Skills can access knowledge from external documents. You can query the DocumentIndex:

from pharia_skill import Csi, IndexPath, skill

@skill
def rag(csi: Csi, input: Input) -> Output:
    # specify the index we query against
    index = IndexPath(
        namespace="my-team-namespace"
        collection="confluence",
        index="asym-256",
    )

    # search for the input topic in the confluence collection
    documents = csi.search(index, query=input.topic)

Streaming

The SDK provides interfaces to receive chat and completion responses in chunks, and to return intermediate responses. This allows building Skills that stream their output in small chunks, in contrast to only returning a single response.

Message Stream

A message stream tries to model a conversation as a sequence of messages. In a stream there is only one active message at a time. You can write text to the message stream using a writer, which is passed into the Skill. PhariaEngine takes care of translating the interactions with the writer into Server-Sent-Events. Each message has a begin and an end, which can be indicated by writer.begin_message and writer.end_message respectively. Between these, you can iteratively append text with writer.append_to_message When ending the message, you can provide an optional, arbitrary payload.

writer.begin_message("assistant")
writer.append_to_message("Hello, ")
writer.append_to_message("world!")
writer.end_message(None)

Requesting a Stream

To request a chat completion as a stream, you can use the csi.chat_stream context manager. It returns a ChatStreamResponse, which provides a stream method you can iterate over:

params = ChatParams()
with csi.chat_stream(model, messages, params) as response:
    for event in response.stream():
        # e.g. writer.append_to_message(event.content)
        ...

The writer also provides a convenience method for returning a ChatStreamResponse directly:

params = ChatParams()
with csi.chat_stream(model, messages, params) as response:
    writer.forward_response(response)

In case you want to stream a completion response (in contrast to a chat response), you can use csi.completion_stream.

Decorator

Skills that stream their output must be annotated with the message_stream decorator. They have some unique properties:

They take a second argument of type MessageWriter
They don't return anything
If you want to return a custom payload, use writer.end_message

from pharia_skill import ChatParams, Csi, Message, MessageWriter, message_stream

@message_stream
def haiku_stream(csi: Csi, writer: MessageWriter[None], input: Input) -> None:
    model = "llama-3.1-8b-instruct"
    messages = [
        Message.system("You are a poet who strictly speaks in haikus."),
        Message.user(input.topic),
    ]
    params = ChatParams()
    with csi.chat_stream(model, messages, params) as response:
        writer.forward_response(response)

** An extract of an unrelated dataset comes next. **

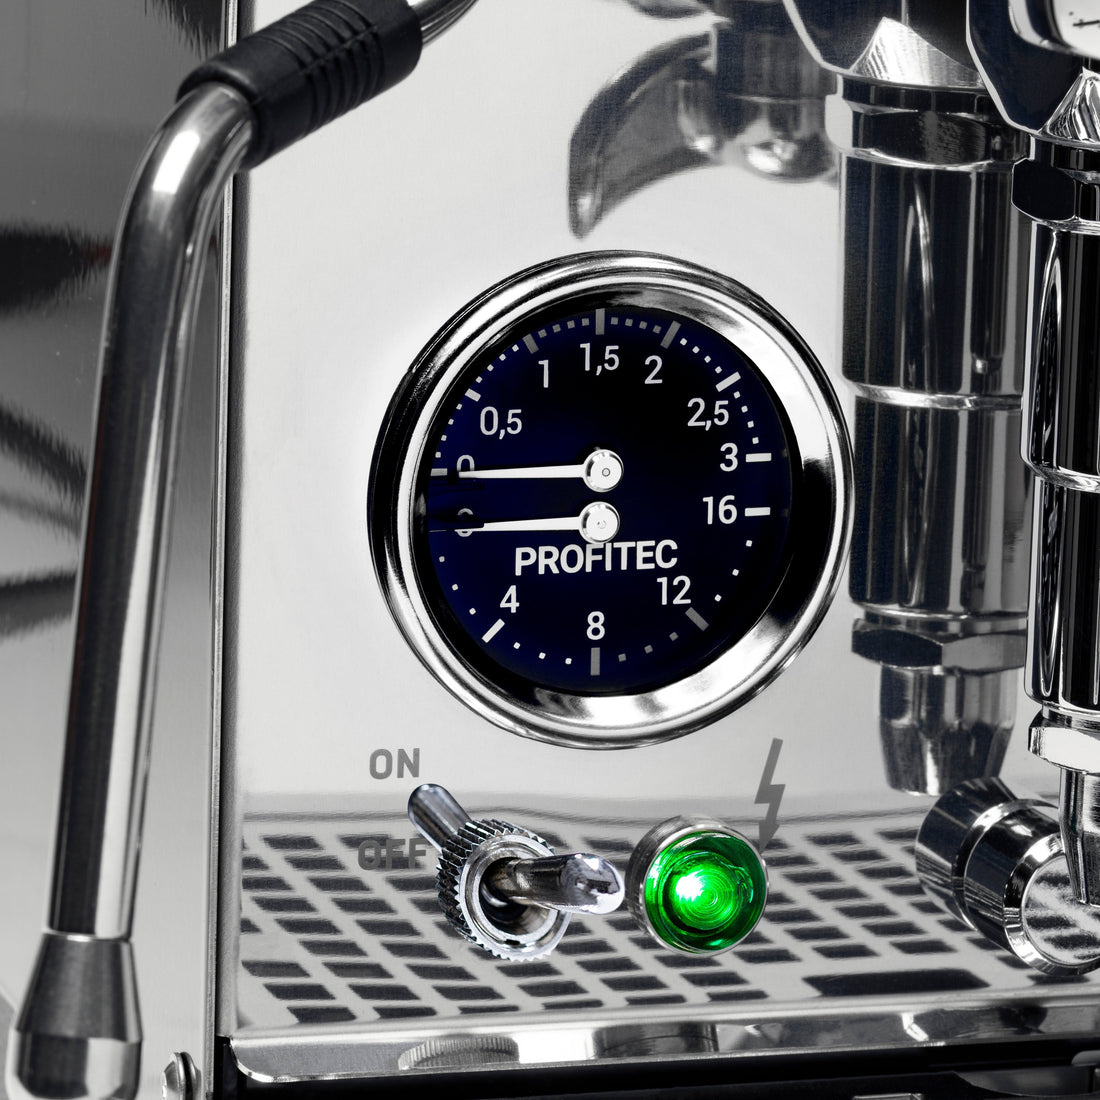 Profitec Pro 400 Espresso Machine With Flow Control and Olive Wood
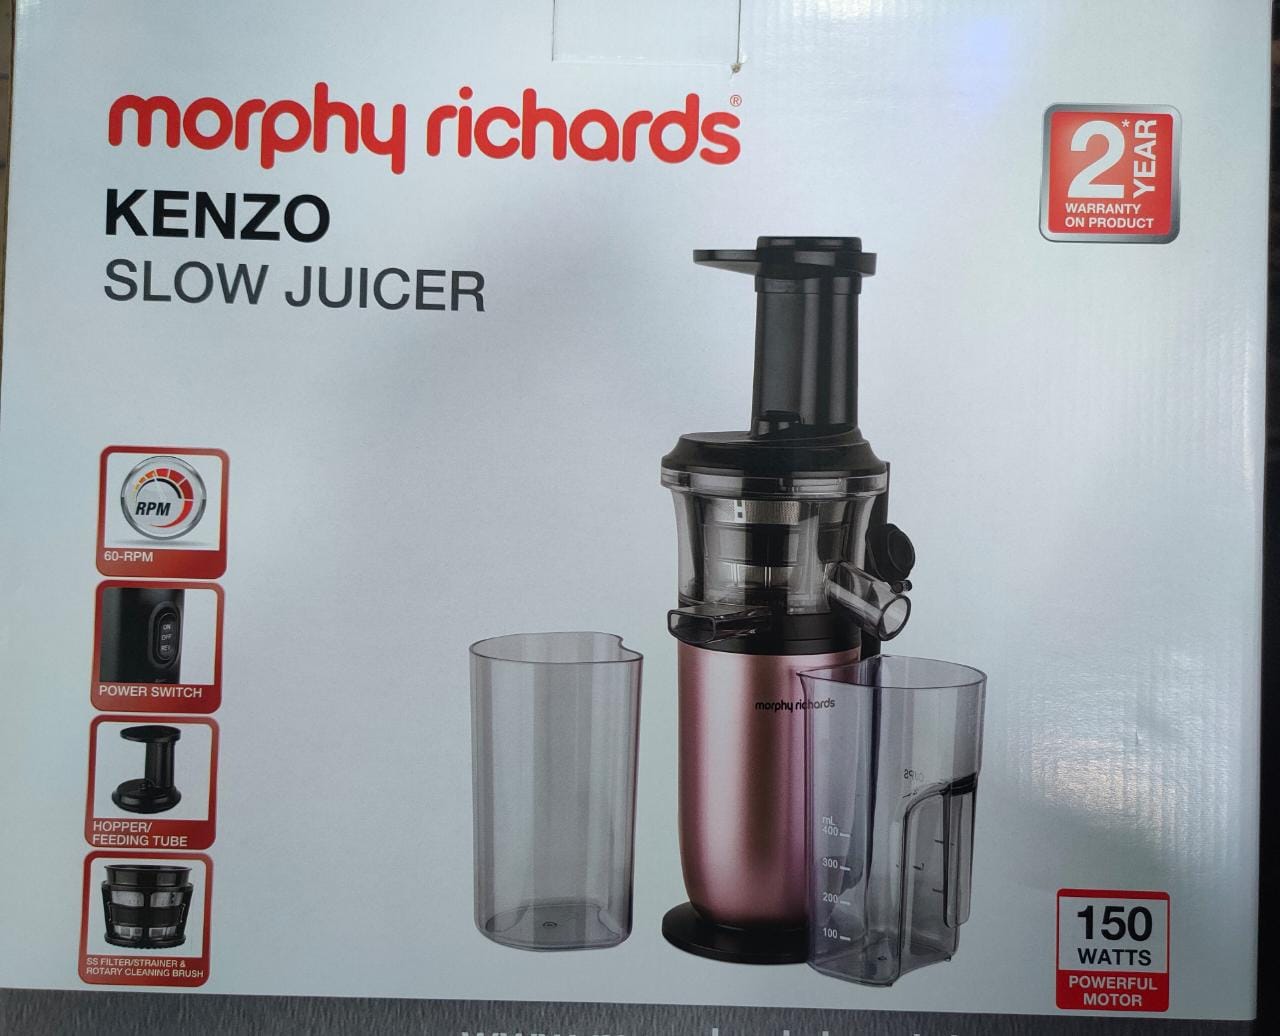 Morphy Richards KENZO 150-Watt Slow Juicer

Using the message_stream decorator requires passing the --skill-type message-stream-skill flag when running pharia-skill build.

Conversational Search

Conversational search is the idea to have a chat conversation with an LLM which has access to a knowledge database. To implement this, we first need a Skill that exposes a chat interface.

The OpenAI Chat API is emerging as a standard to expose conversational interface of LLMs. This API is also offered in the Csi with the chat method. Leveraging this, you can easily expose your own custom flavoured chat API as a PhariaEngine Skill. Note that you can return expose internal datatypes in the interface of you Skill as long as they are wrapped in a Pydantic model:

from pharia_skill import Csi, Message, skill

class ChatInterface(BaseModel):
    """A chat input that is compatible with the OpenAI chat API."""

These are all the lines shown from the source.